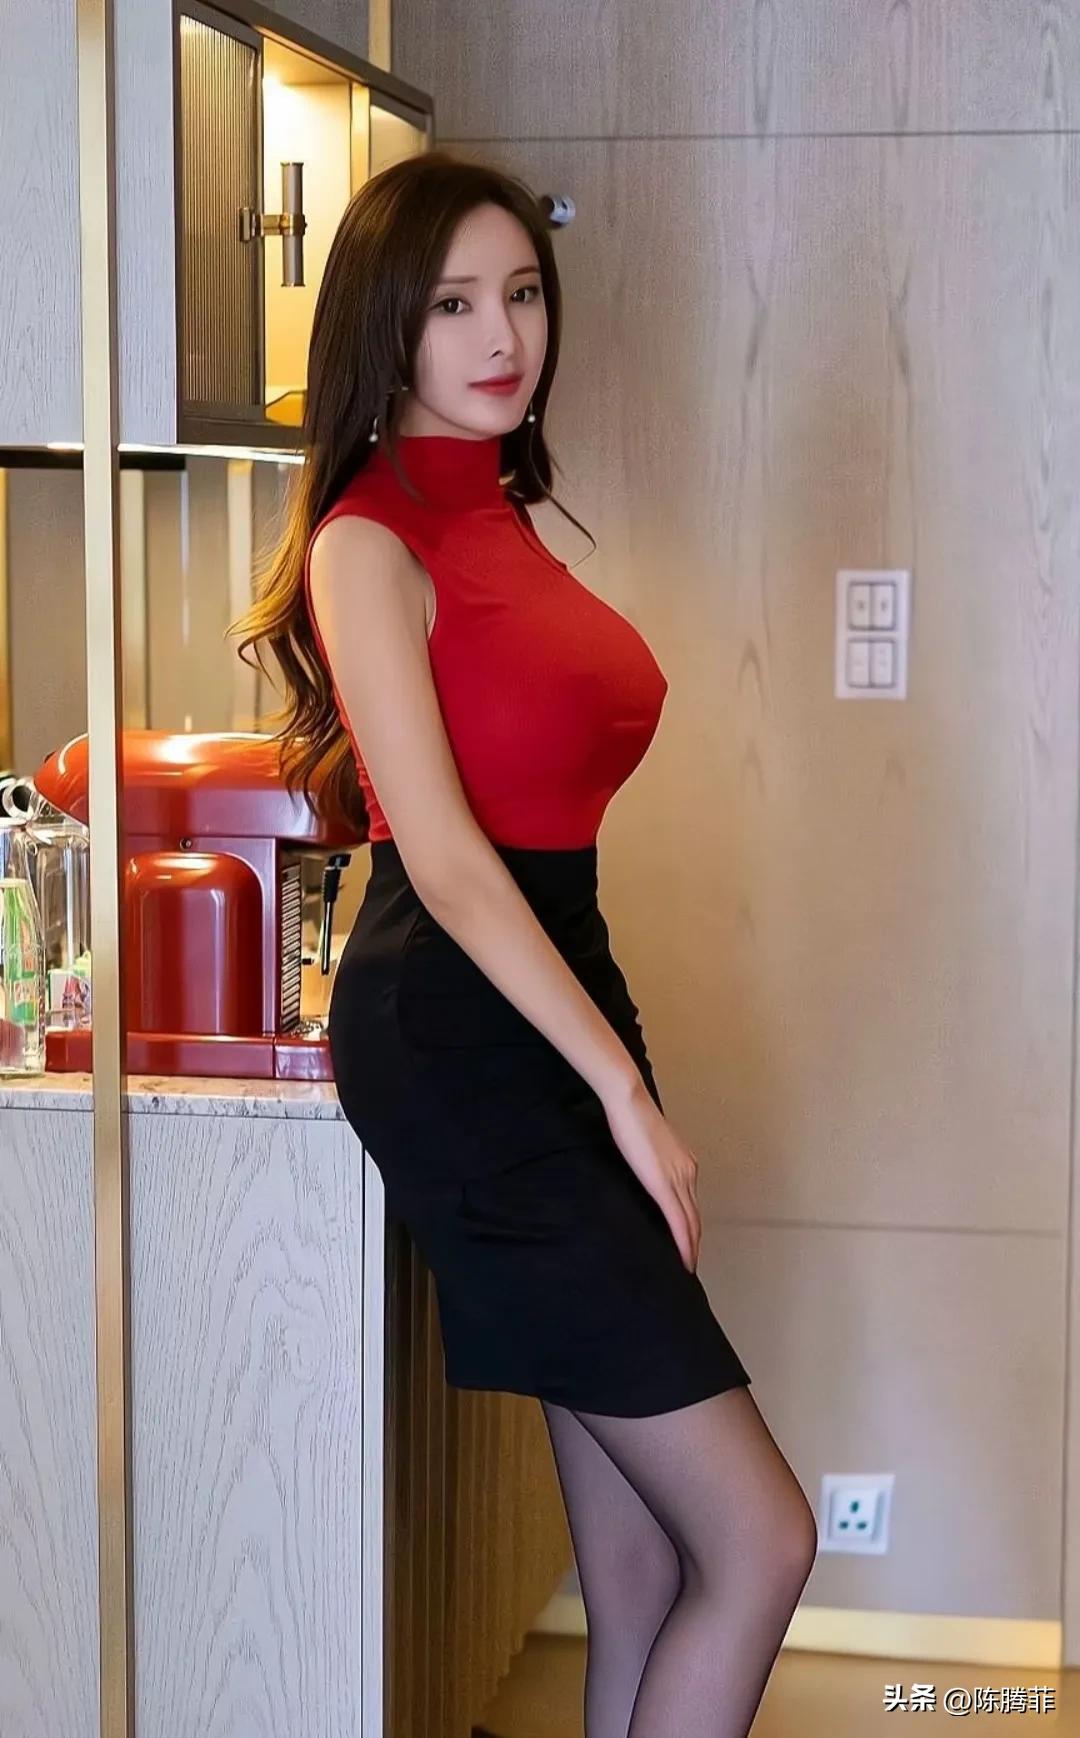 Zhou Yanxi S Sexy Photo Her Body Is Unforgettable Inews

==============================

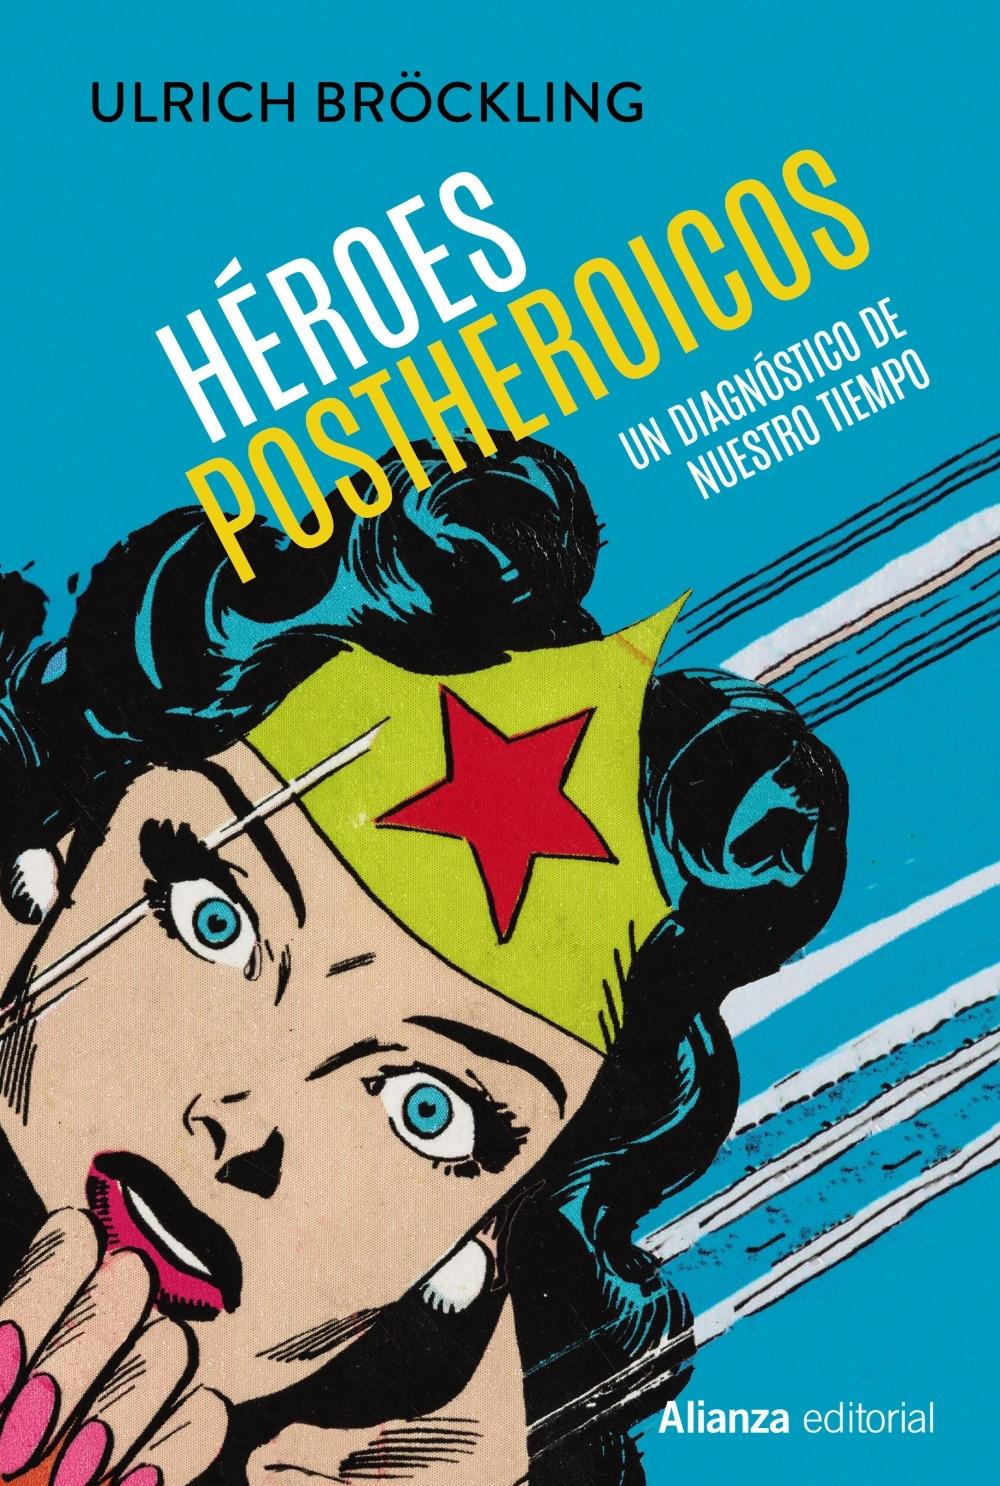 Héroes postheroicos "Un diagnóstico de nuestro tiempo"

==============================

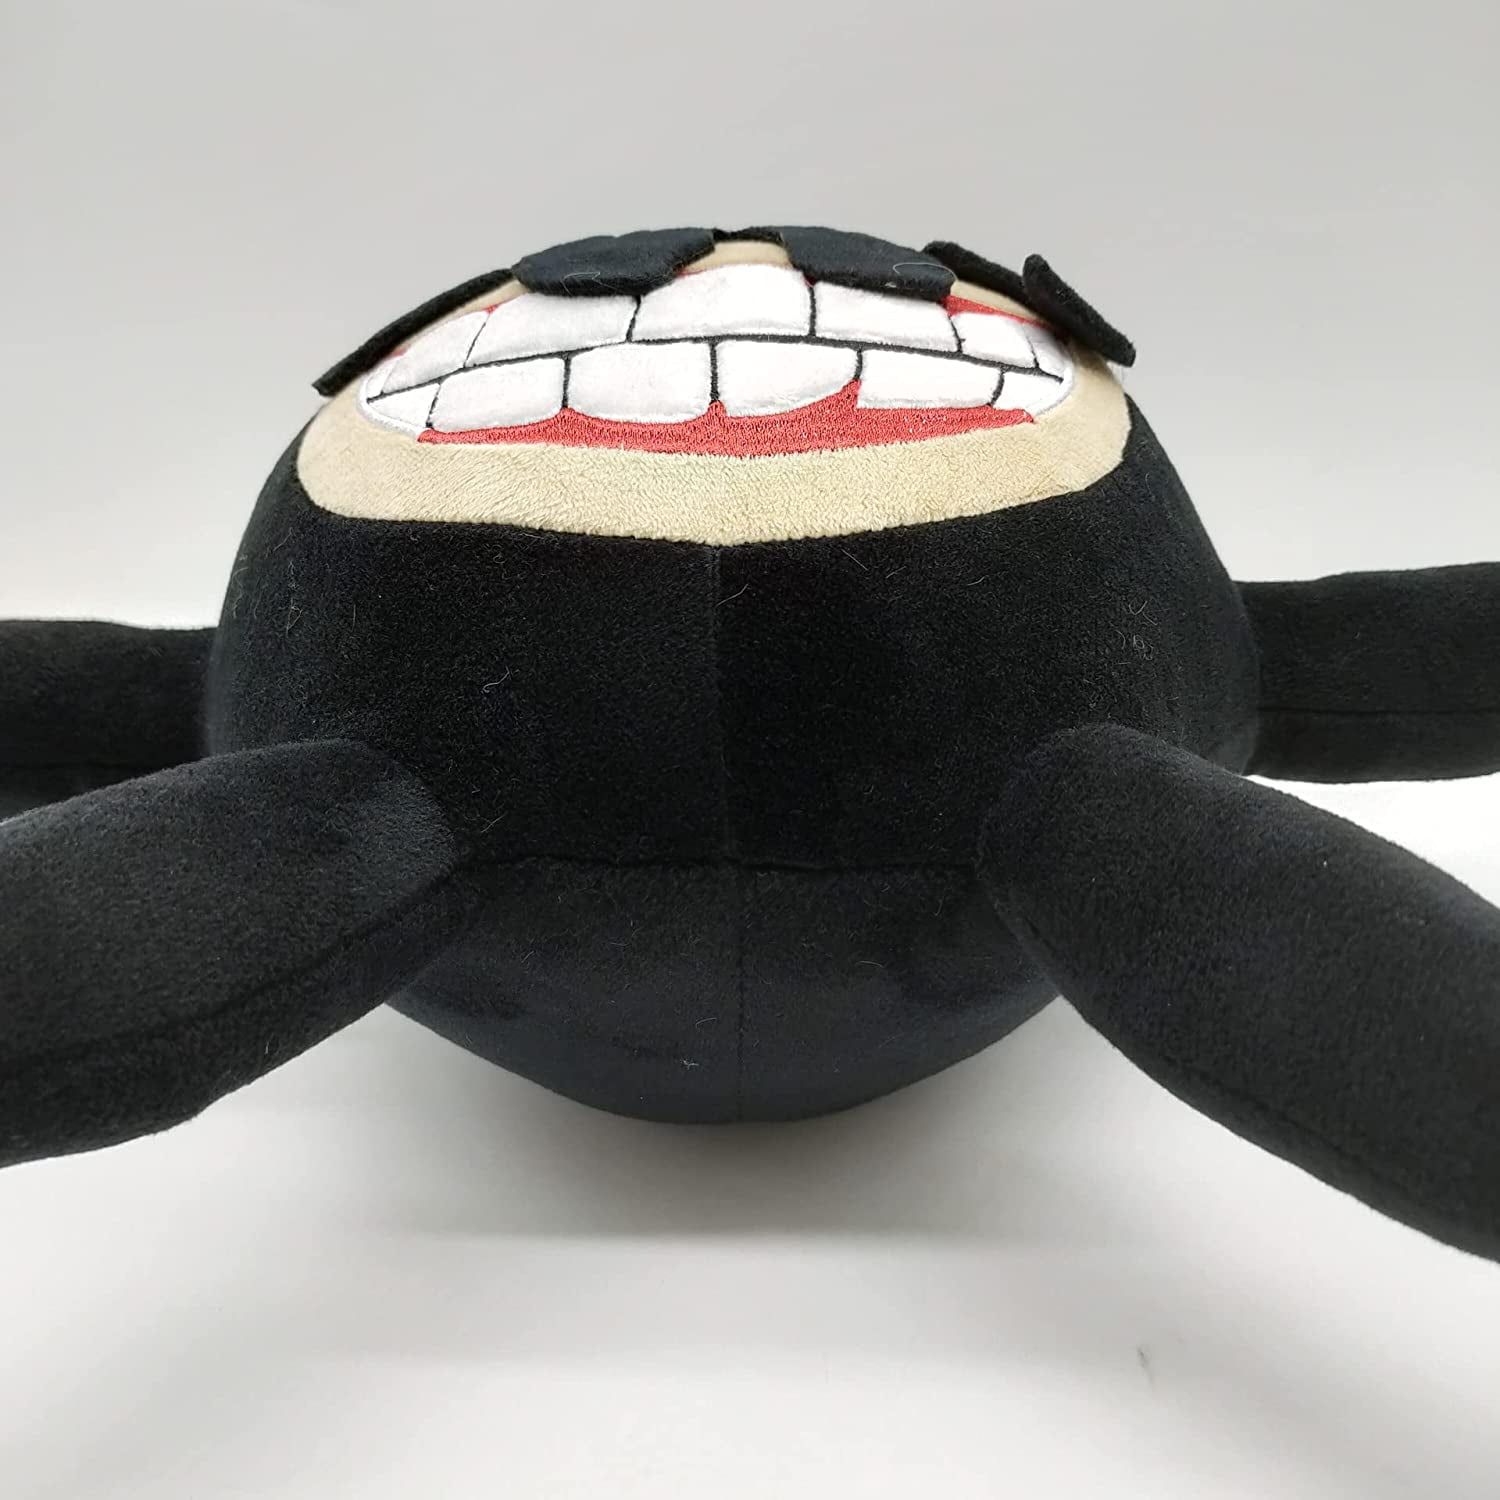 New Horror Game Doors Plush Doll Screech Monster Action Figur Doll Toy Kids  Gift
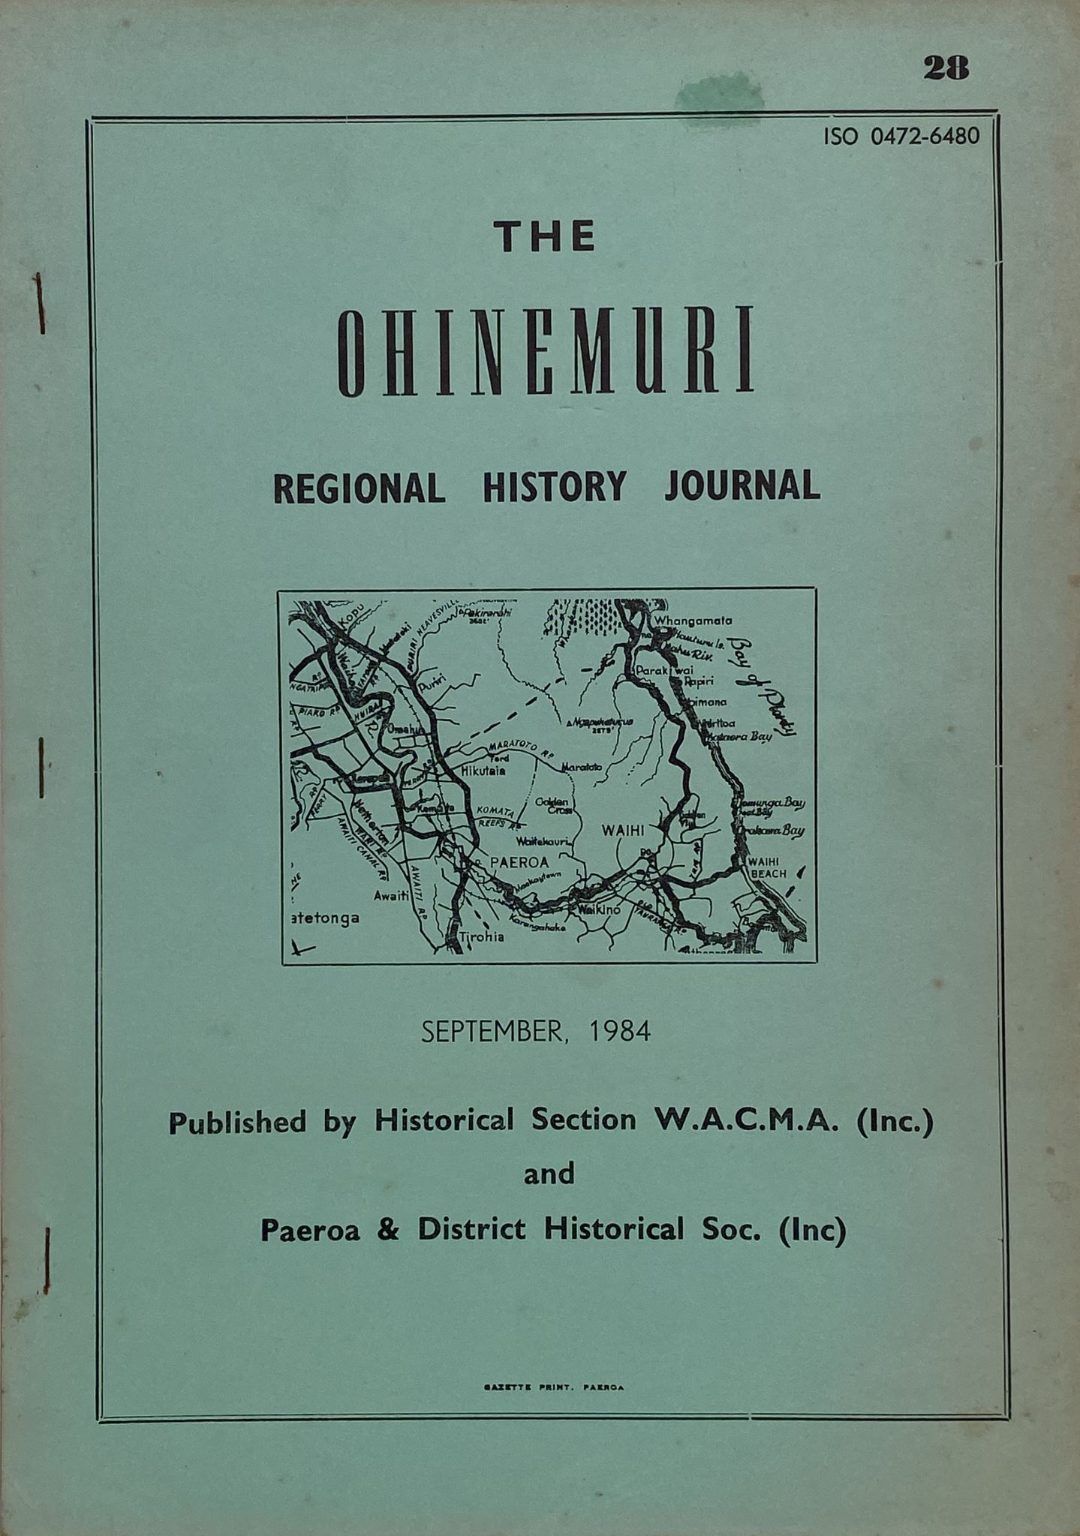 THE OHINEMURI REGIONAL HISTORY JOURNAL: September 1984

==============================

Could you write out exactly the lines of the data above that run from the one holding "New Horror Game" to the one holding "THE OHINEMURI REGIONAL", with both ends in and all pictures out?

> _Result of this task_:
 New Horror Game Doors Plush Doll Screech Monster Action Figur Doll Toy Kids  Gift
 THE OHINEMURI REGIONAL HISTORY JOURNAL: September 1984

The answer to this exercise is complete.